Key features of Hypothesis:
-
Generative: Hypothesis generates input data for your tests. It explores a range of input values to discover edge cases and unusual scenarios that you might not have considered
-
Properties: Instead of writing specific test cases with known inputs and expected outputs, you define properties that your code should adhere to. Hypothesis then tests these properties with a wide variety of inputs
-
Strategies: Hypothesis provides a wide range of testing strategies for various types of data, including integers, floats, text, lists, and more. You can also create custom strategies to suit your specific needs.
-
Integration: Hypothesis can be integrated with popular testing frameworks like pytest, unittest, and nose. This allows you to seamlessly incorporate property-based testing into your existing testing workflow.
-
Root Cause: When Hypothesis finds a failing test case, it attempts to find the simplest possible input that reproduces the failure. This helps you identify the root cause of issues quickly.

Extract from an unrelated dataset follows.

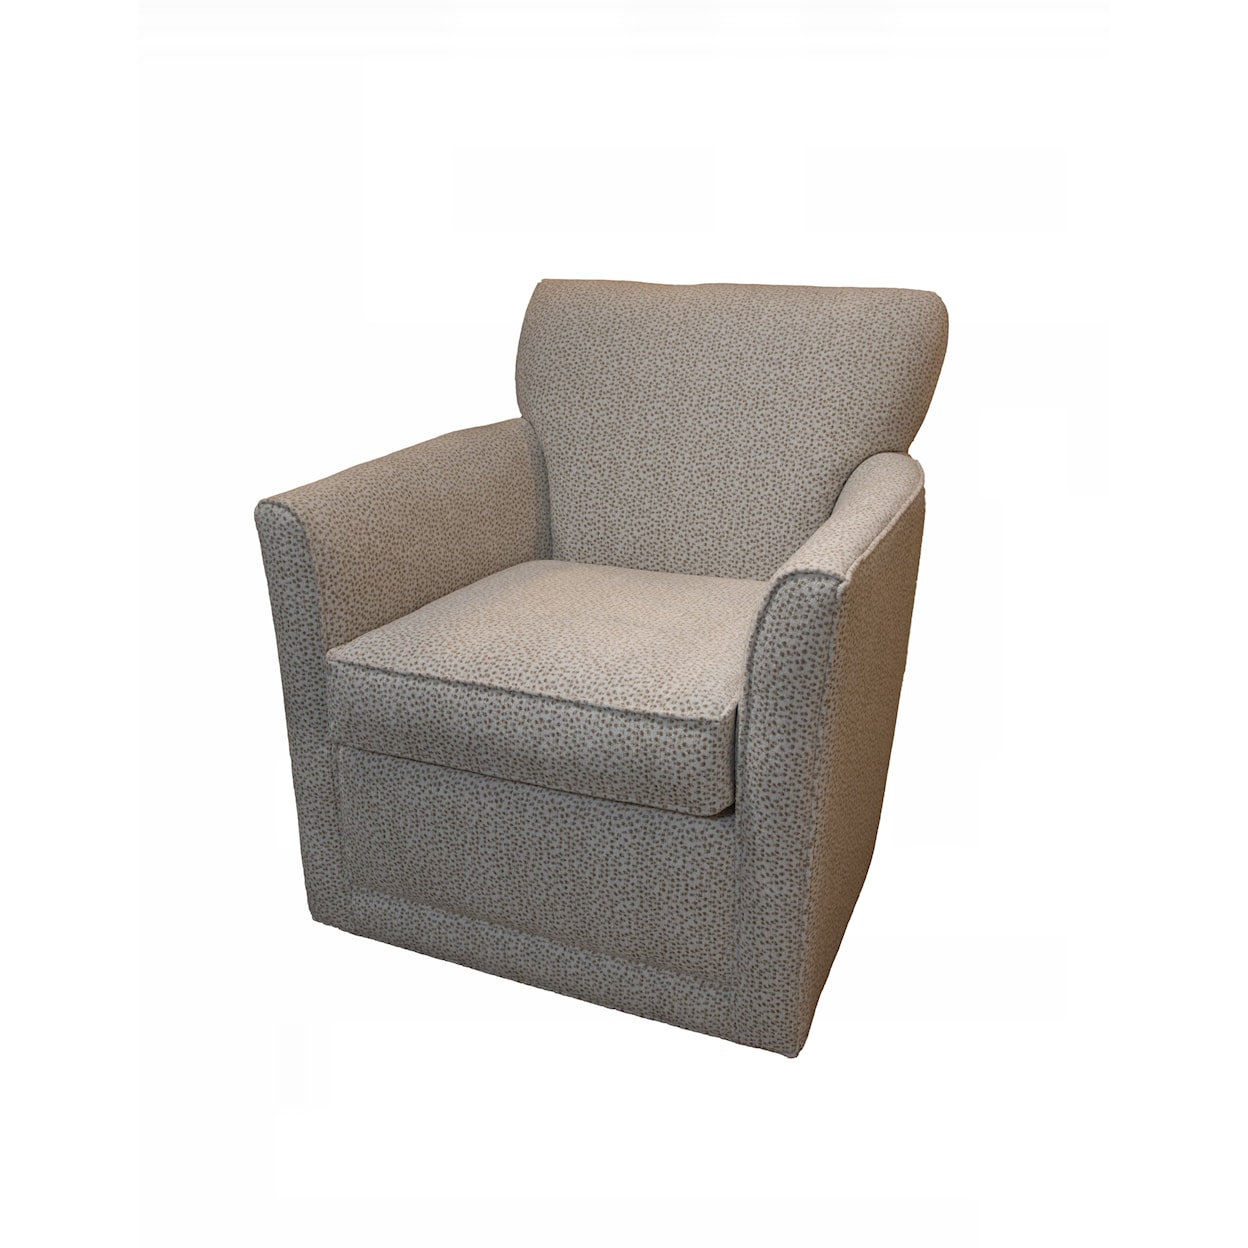 Rowe Times Square Upholstered Swivel Chair

The Tox library is a popular tool in the Python ecosystem for managing and automating the testing of Python packages across multiple environments. It helps ensure that your Python package works correctly across various Python versions, interpreters, and configurations.
Key features of Tox:
-
Cross-Environment Testing: Tox allows you to define multiple testing environments, each with a specific Python version, interpreter, and configuration. This enables you to test your code across a wide range of scenarios.
-
Isolated Virtual Environments: Tox creates isolated virtual environments for each testing environment you specify. This ensures that your tests run in clean, reproducible environments, avoiding conflicts with system-wide Python installations.
-
Automated Testing: Tox automates the entire testing process. You can run all tests for your project, including unit tests, integration tests, and more, with a single command:
tox. -
Dependency Management: Tox can handle the installation of project dependencies and testing dependencies. This ensures that the correct dependencies are installed in each virtual environment.
-
Parallel Test Execution: Tox can execute tests in parallel, taking advantage of multicore processors to speed up testing, making it suitable for large projects.
-
Integration with Testing Frameworks: Tox integrates seamlessly with popular testing frameworks like pytest, nose, unittest, and more. You can specify your preferred testing framework in the configuration.
-
Continuous Integration (CI) Integration: Tox is commonly used in CI/CD (Continuous Integration/Continuous Deployment) pipelines. It ensures that your code passes tests in various environments, helping you catch issues early.
-
Custom Environments: Besides standard Python versions and interpreters, Tox allows you to define custom testing environments, making it versatile for different project requirements.
-
Plugin System: Tox features a plugin system that allows you to extend its functionality. You can create custom plugins or use existing ones to tailor Tox to your specific needs.
-
Clean and Isolated Execution: Tox ensures that tests do not interfere with each other or with your development environment. This isolation helps maintain consistent testing results.
-
Documentation and Reporting: Tox provides documentation and reporting features that help you understand the test results across different environments and configurations.